= ASSIGNMENT =
All of the data below should be printed again exactly, pictures excluded.

= AVAILABLE DATA =
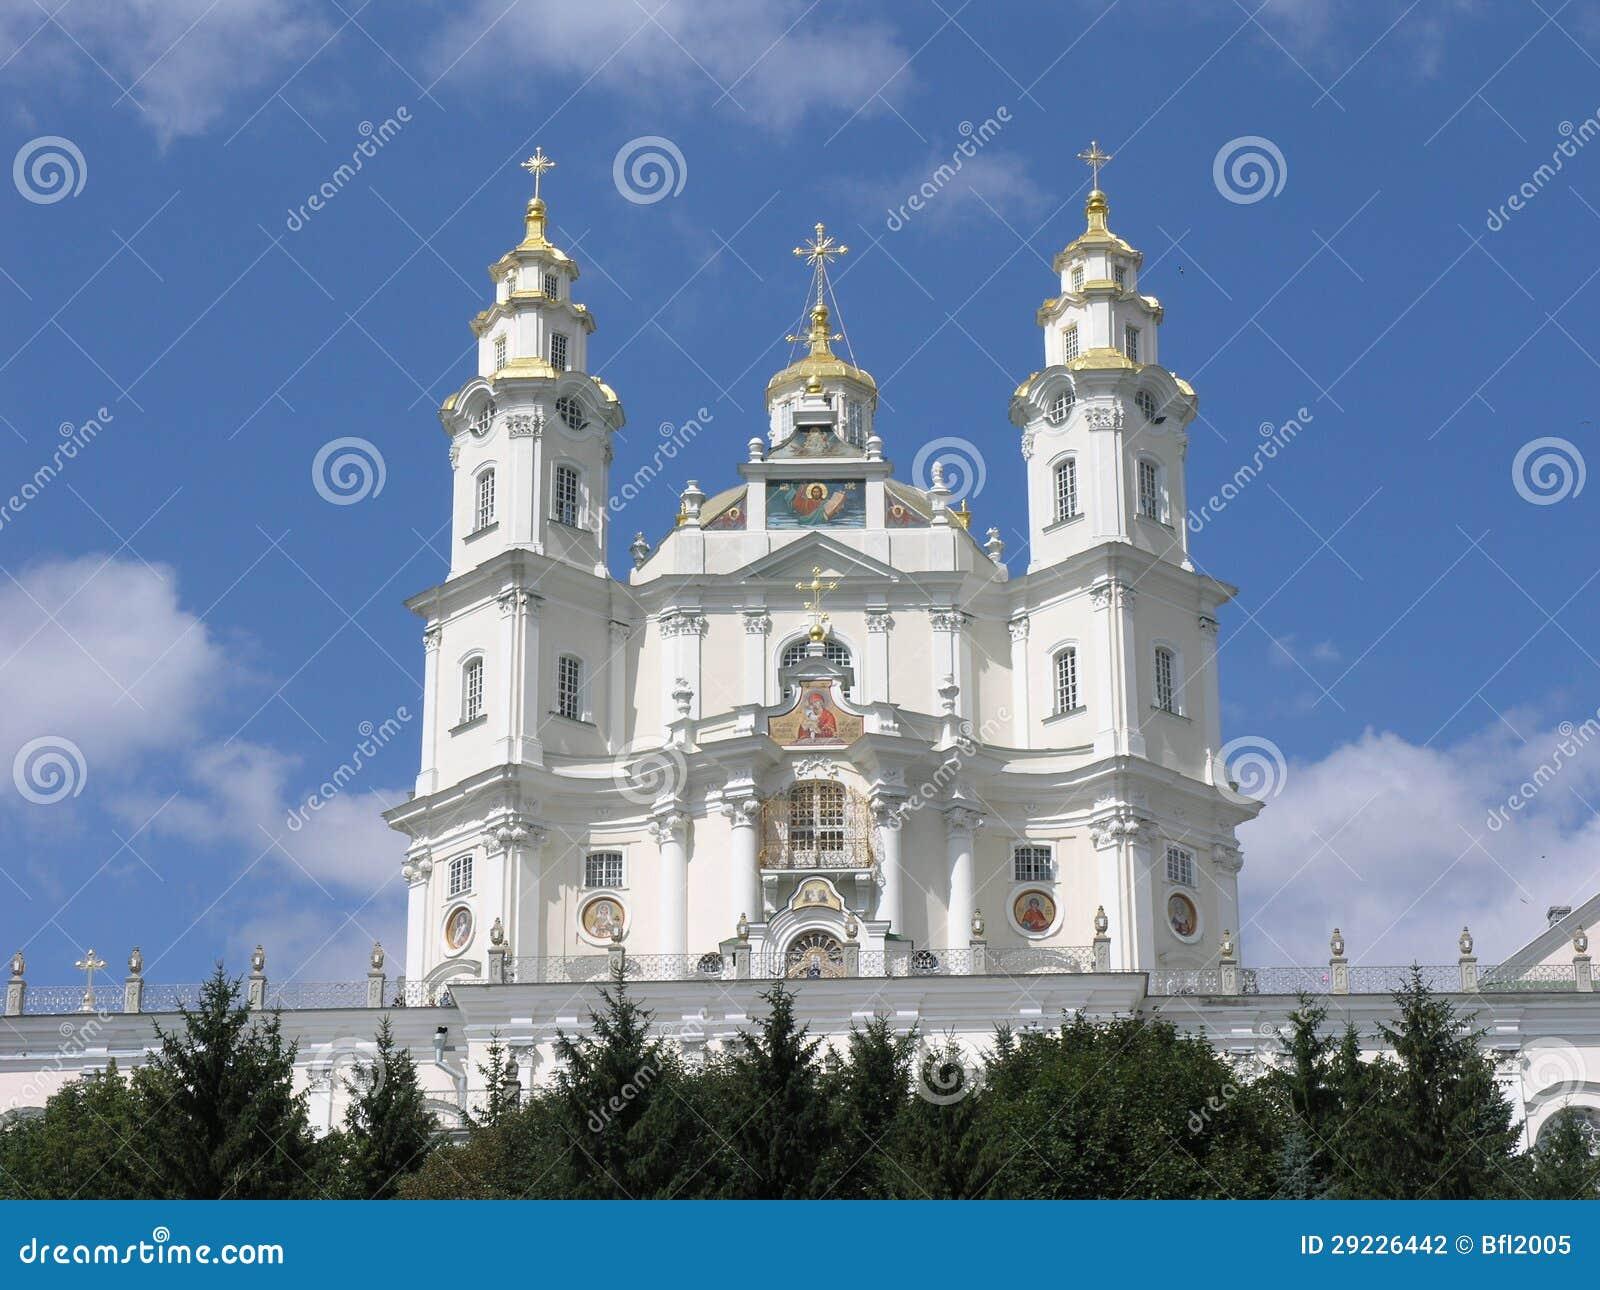 Download Pochaiv Lavra foto de stock. Imagem de christianity, europa - 29226442
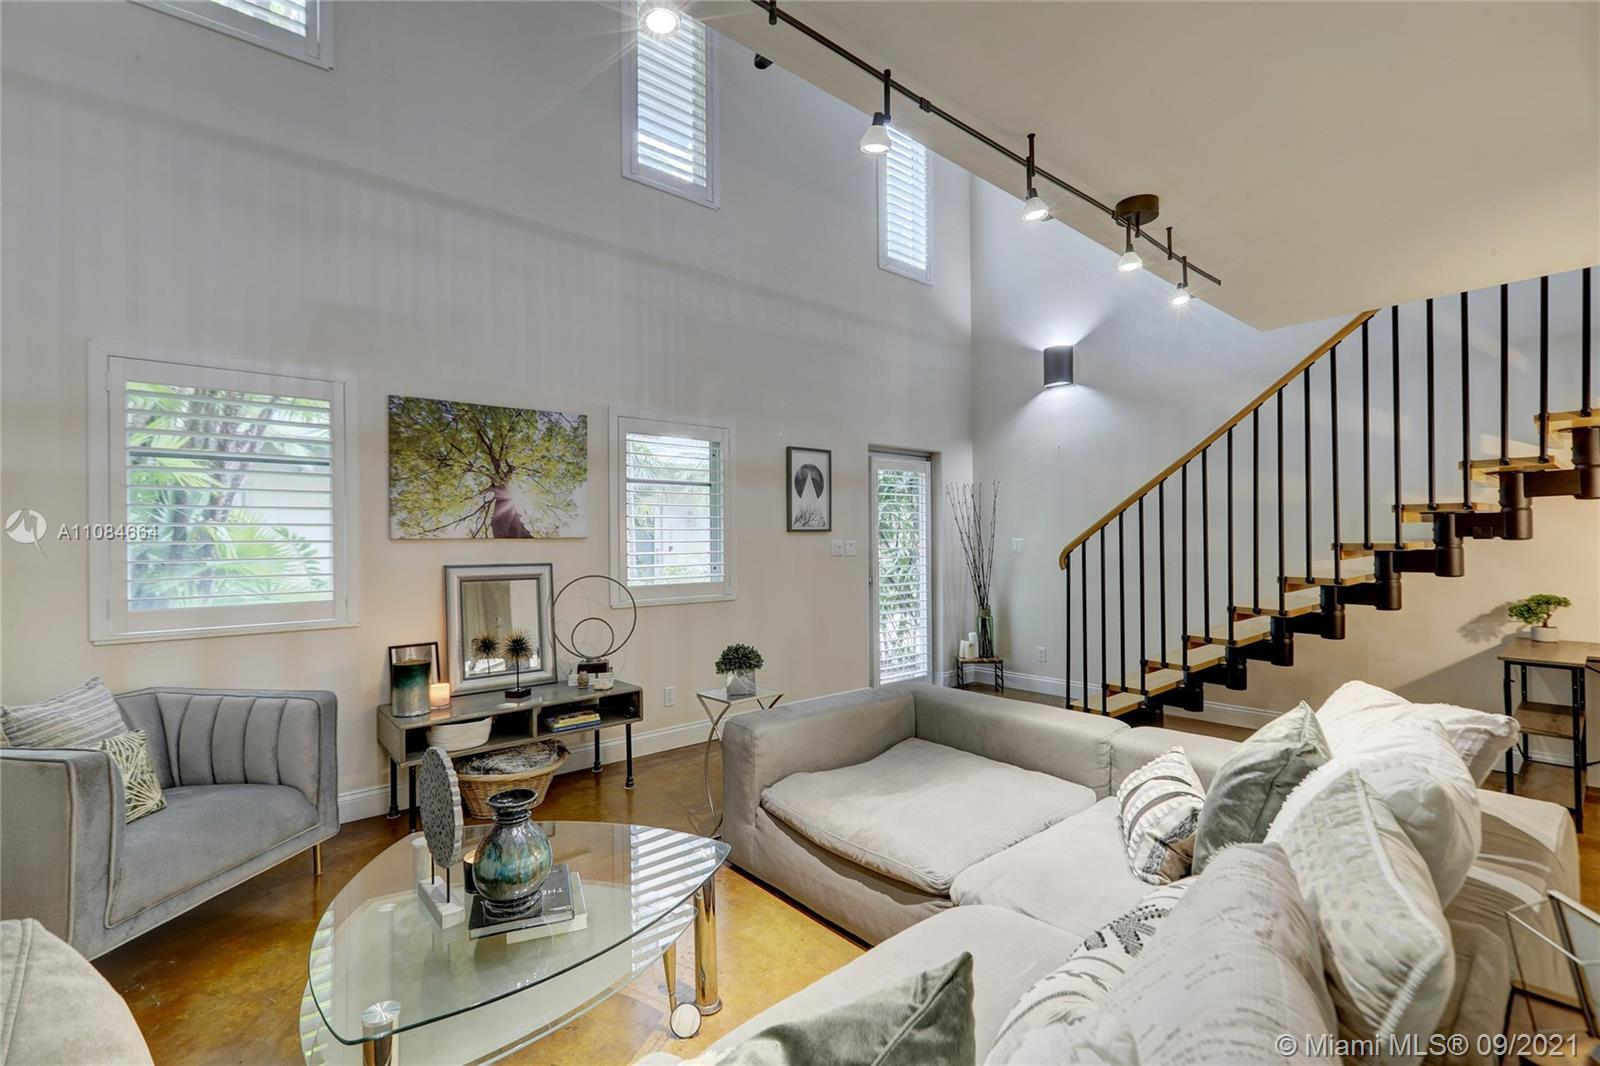 SoNew Lofts offers upscale living, open concept & modern, urban loft style design. 3 story FEE SIMPL
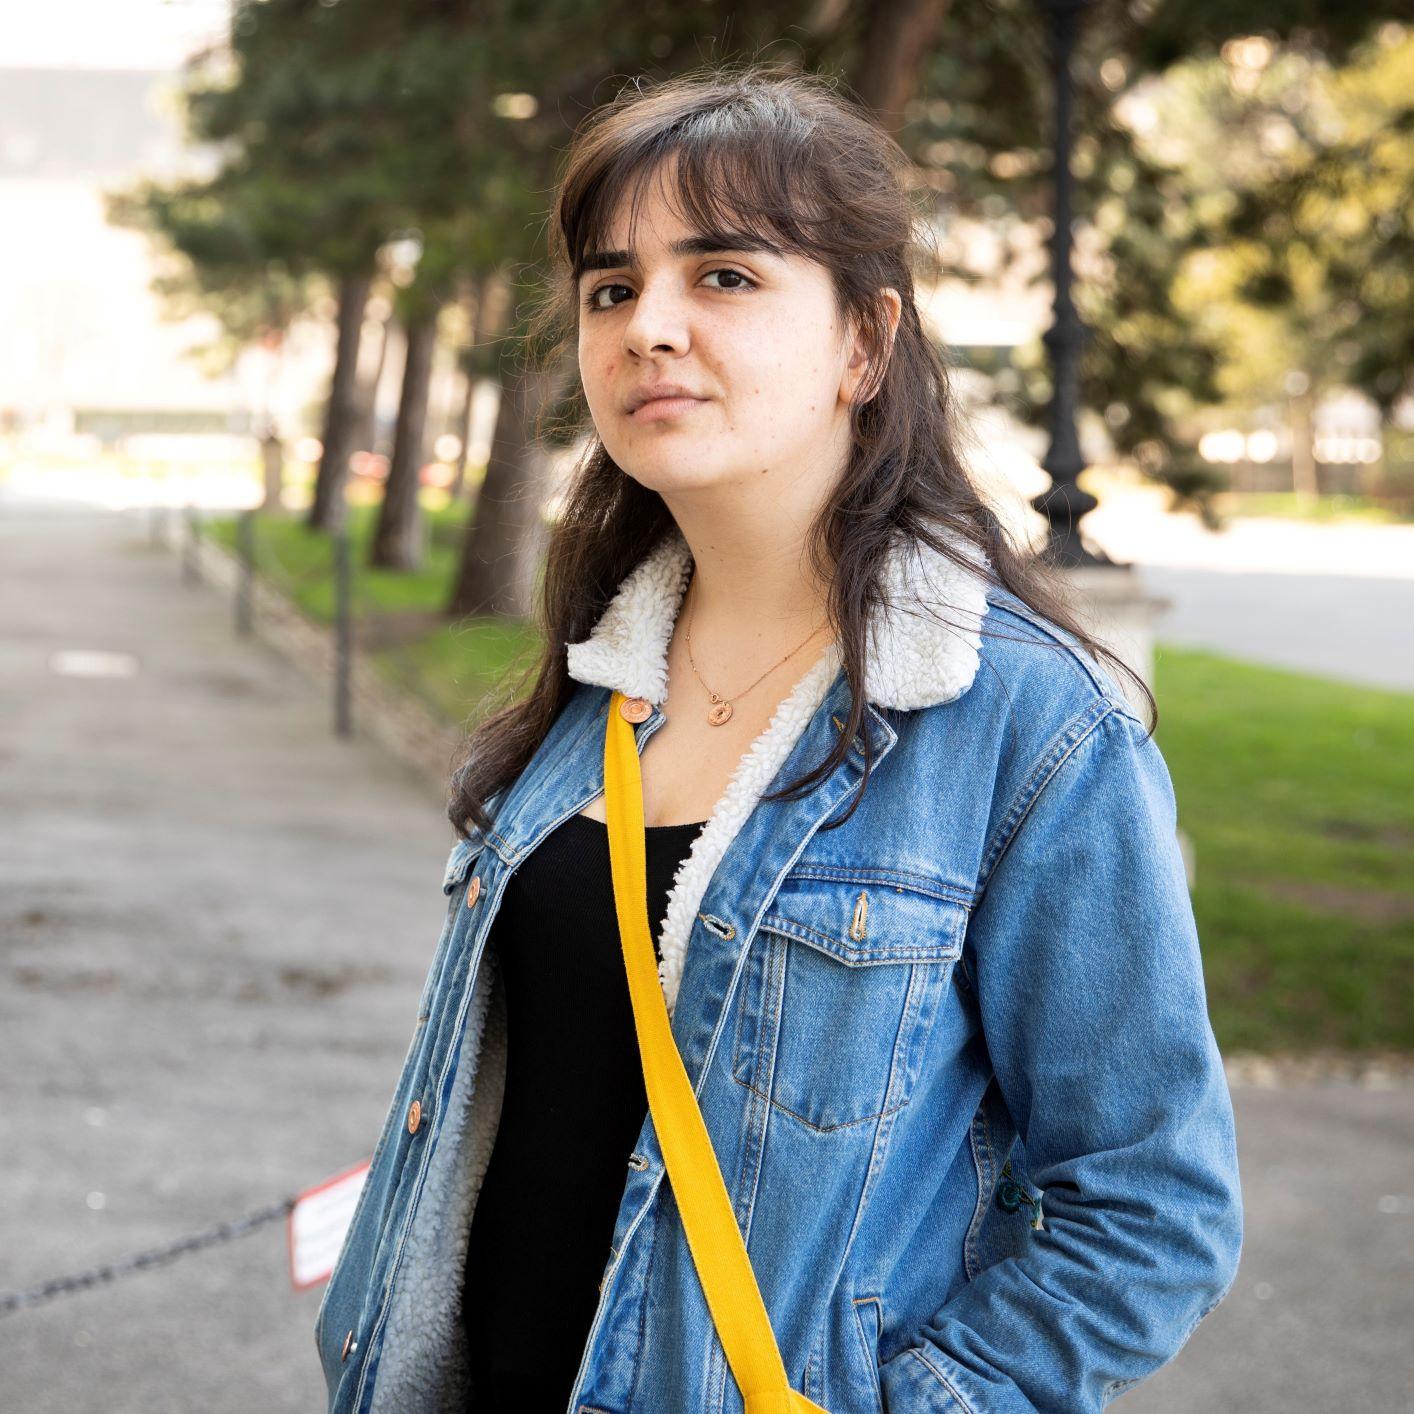 261449 Rania AUT EuropawahlKampagne C AmnestyInternational 1 1 small
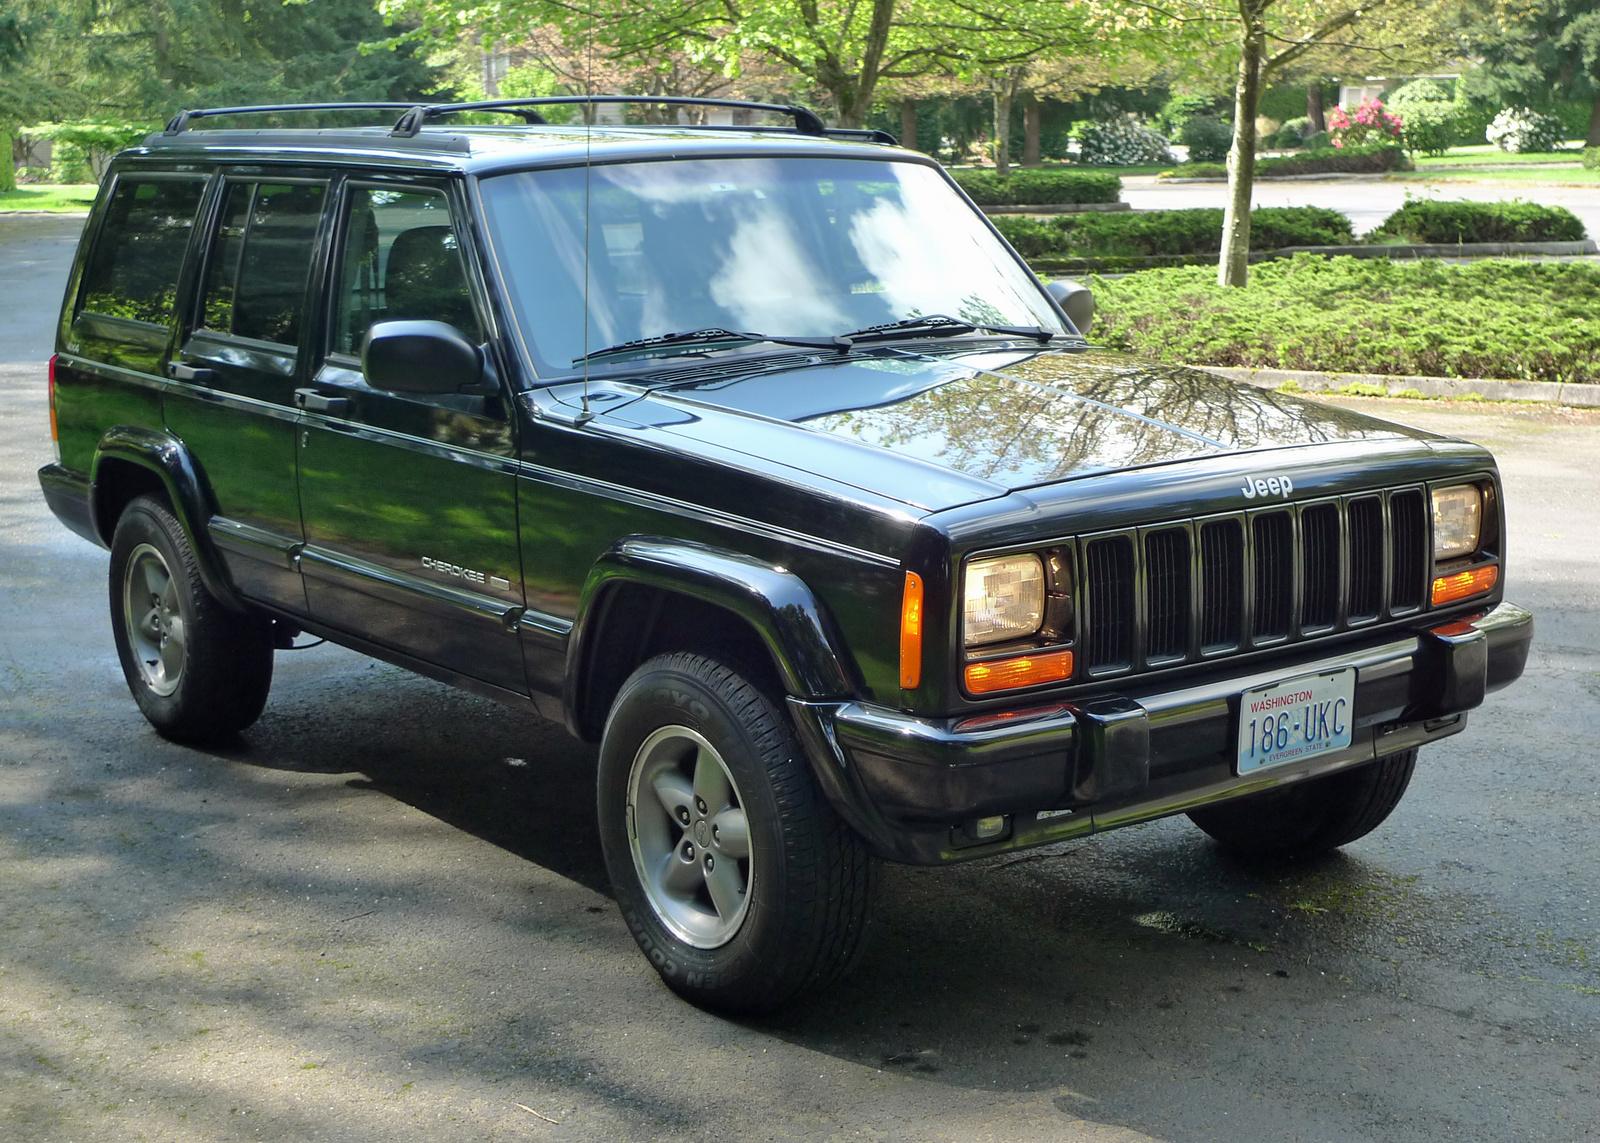 1981 jeep wagoneer pictures cargurus - 2015 Jeep Cherokee Review Cargurus

= RESPONSE =
 Download Pochaiv Lavra foto de stock. Imagem de christianity, europa - 29226442
 SoNew Lofts offers upscale living, open concept & modern, urban loft style design. 3 story FEE SIMPL
 261449 Rania AUT EuropawahlKampagne C AmnestyInternational 1 1 small
 1981 jeep wagoneer pictures cargurus - 2015 Jeep Cherokee Review Cargurus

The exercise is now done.